Problem to solve:
Repeat the listing below verbatim, without its images.

━━ Data section

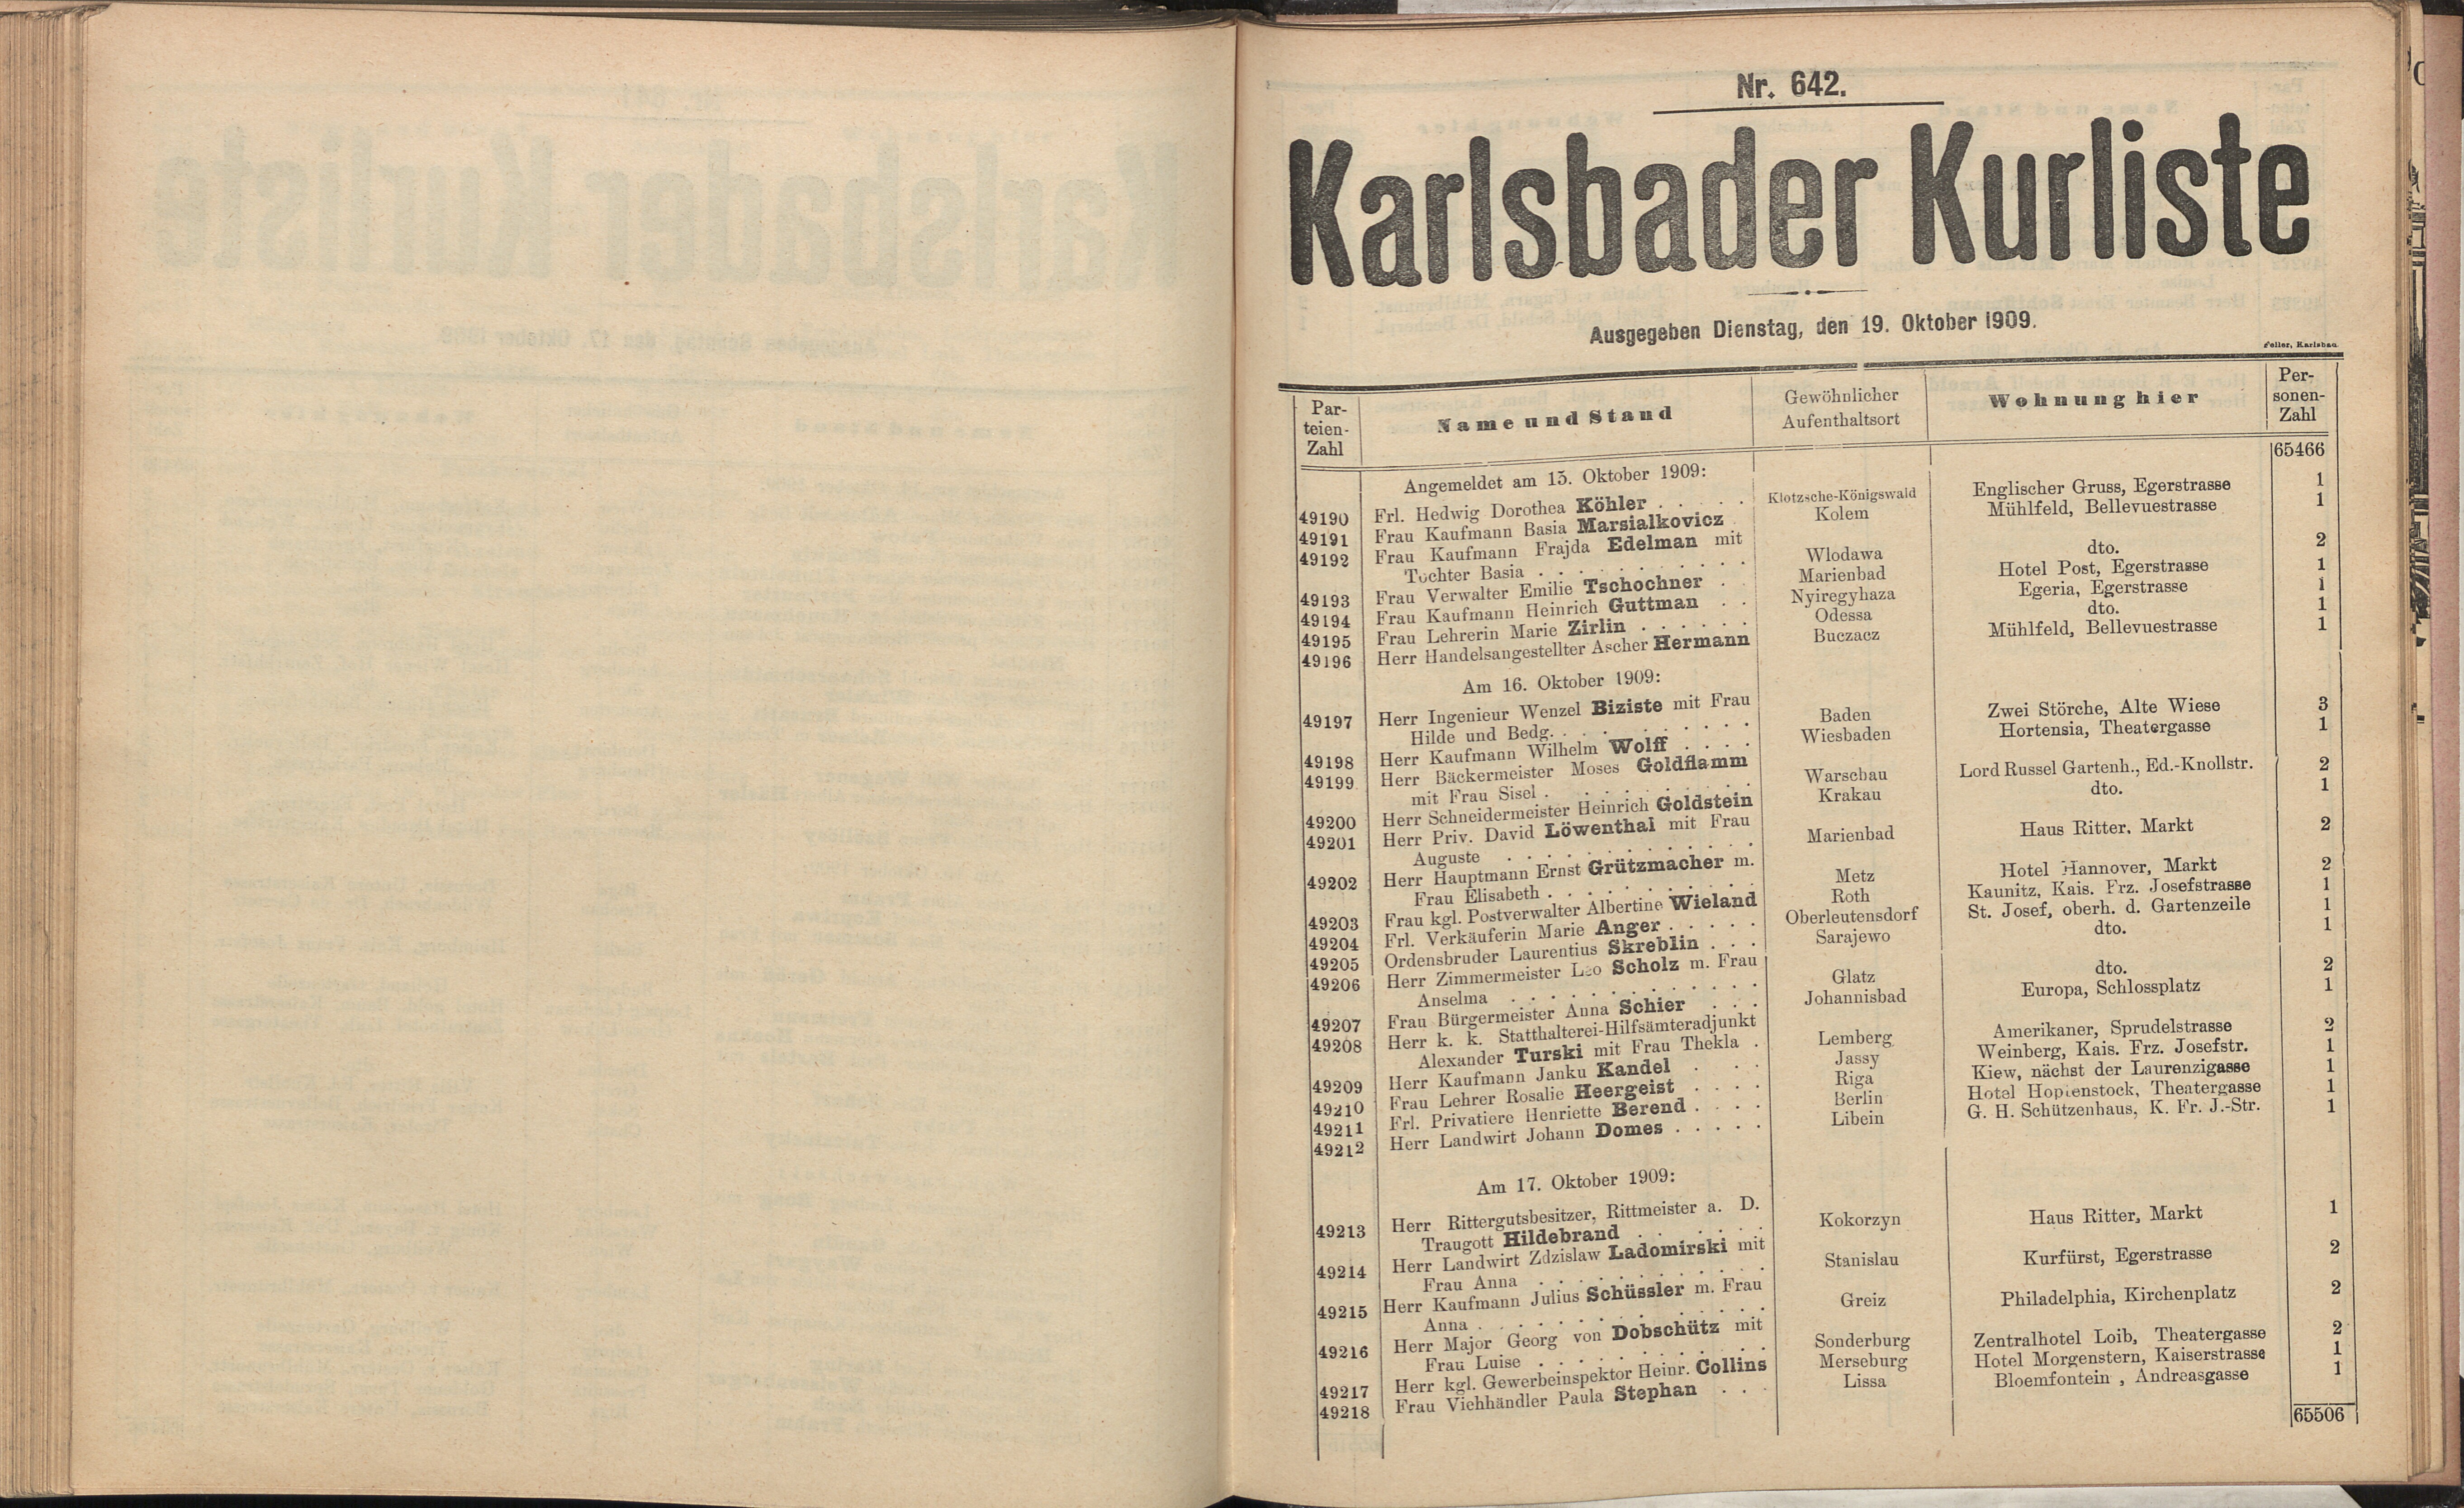 763. soap-kv_knihovna_karlsbader-kurliste-1909_7630
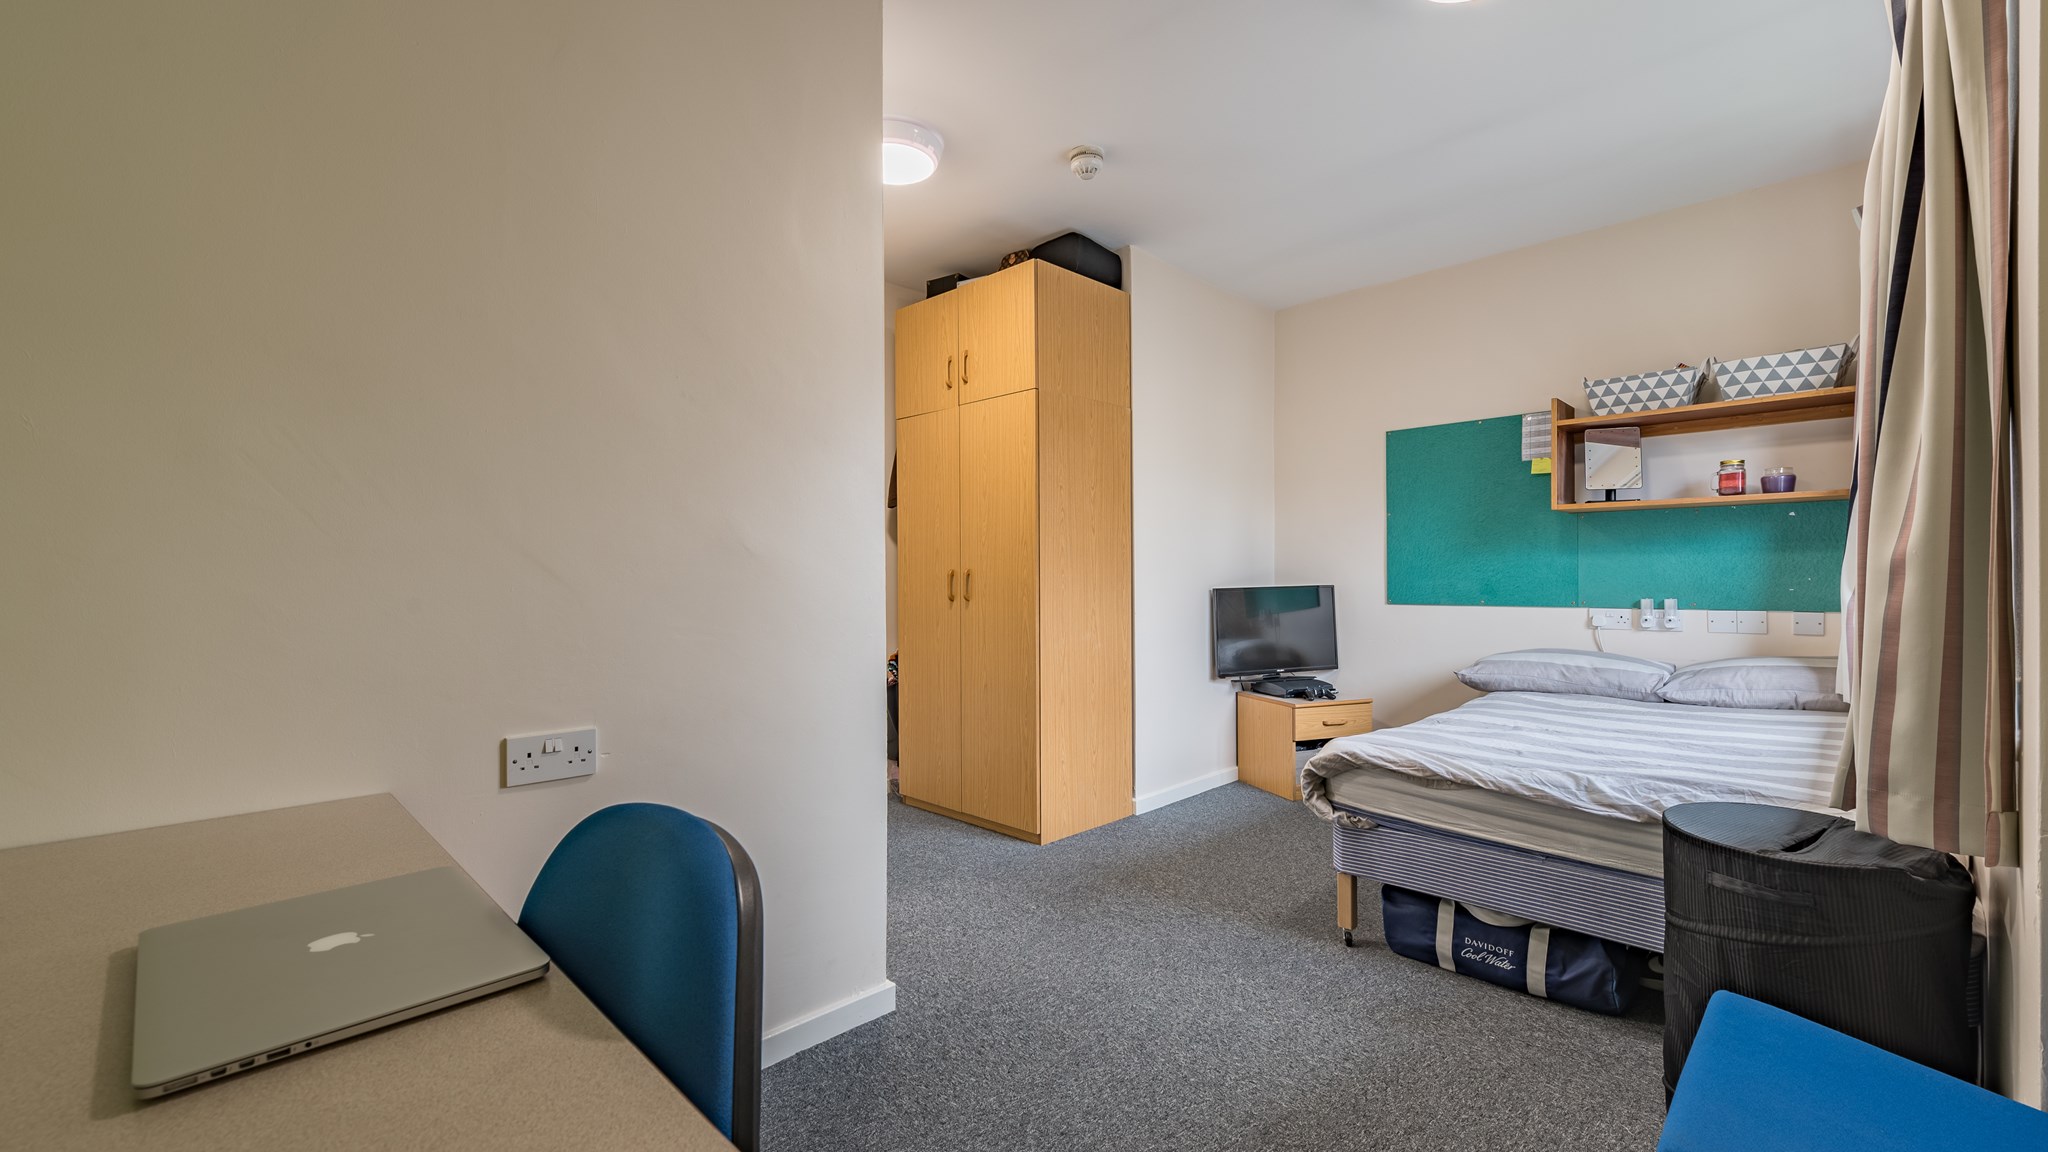 Doris Birdsall Halls, 5 bed En-Suite flat, Easby Road, City Centre, BD7 4
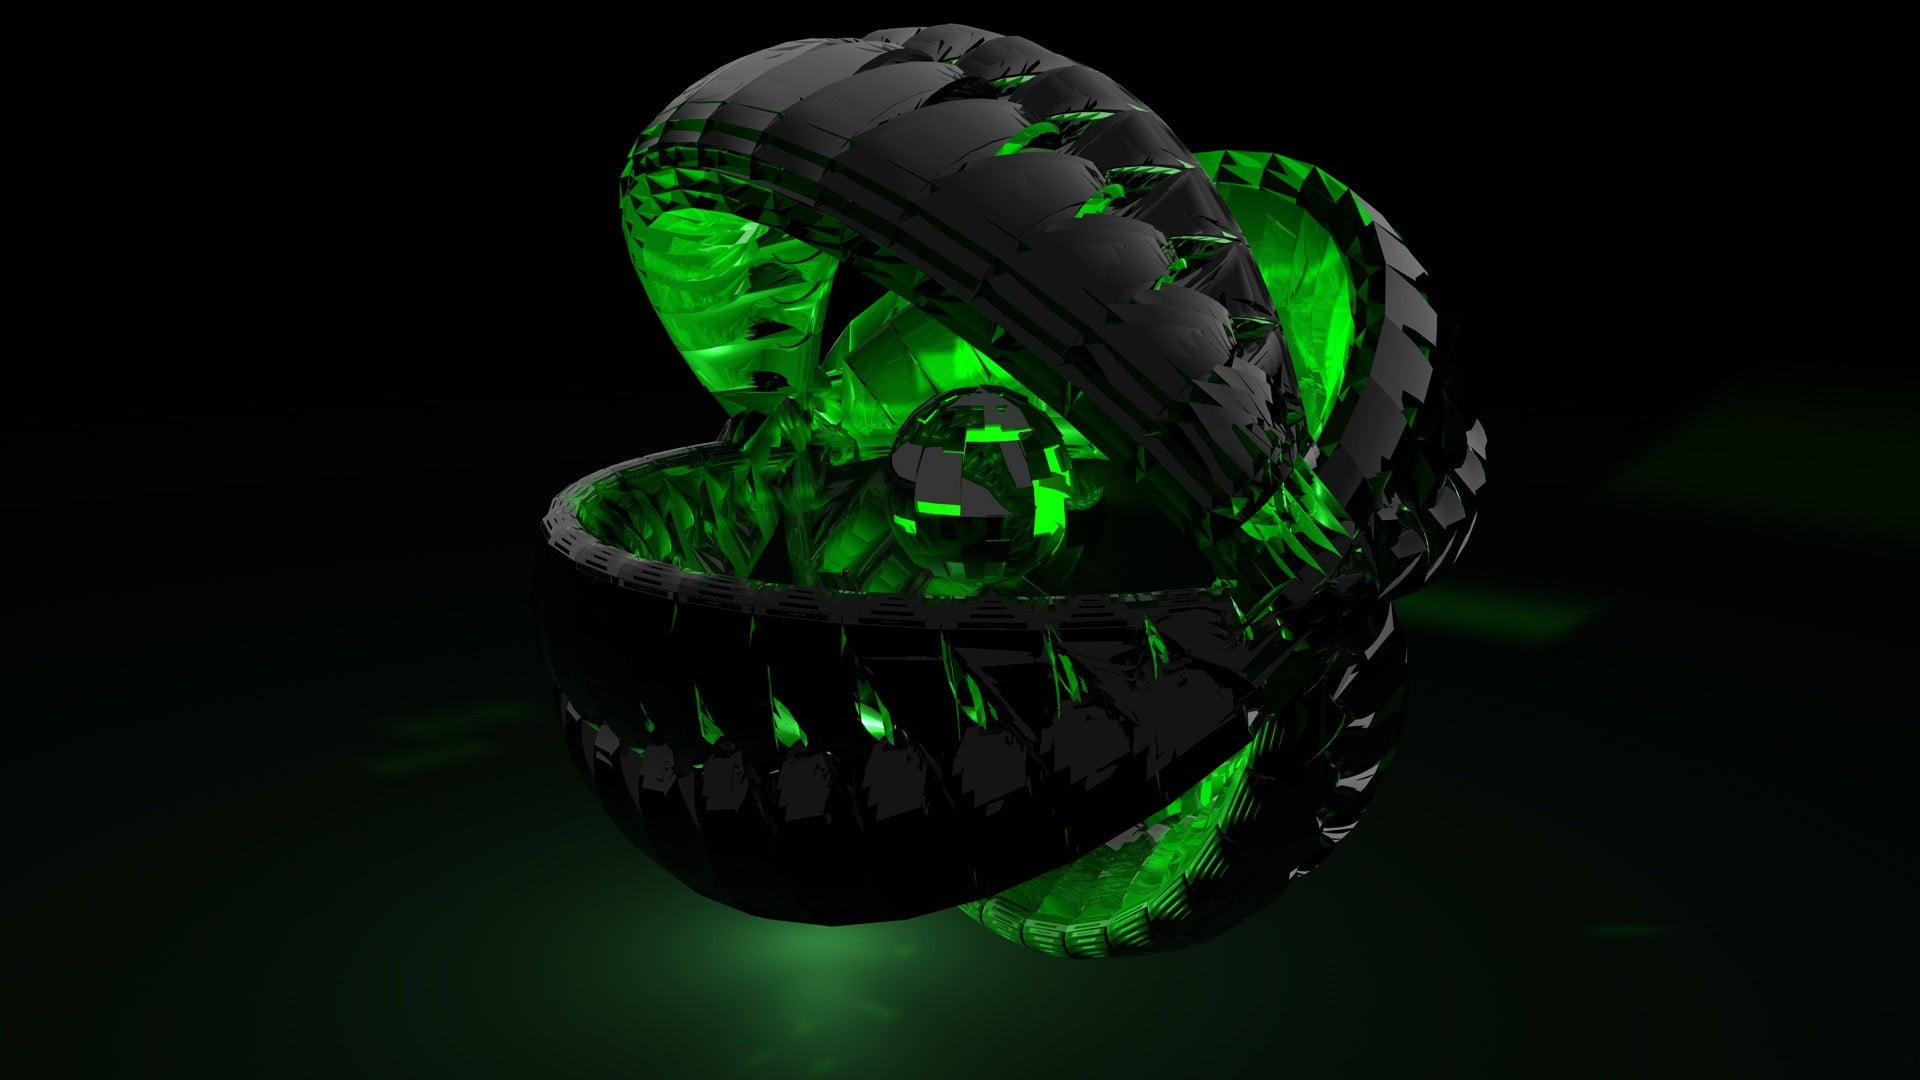 black and green lighted decor, digital art, green color, helmet

━━━━

Worked solution:
 763. soap-kv_knihovna_karlsbader-kurliste-1909_7630
 Doris Birdsall Halls, 5 bed En-Suite flat, Easby Road, City Centre, BD7 4
 black and green lighted decor, digital art, green color, helmet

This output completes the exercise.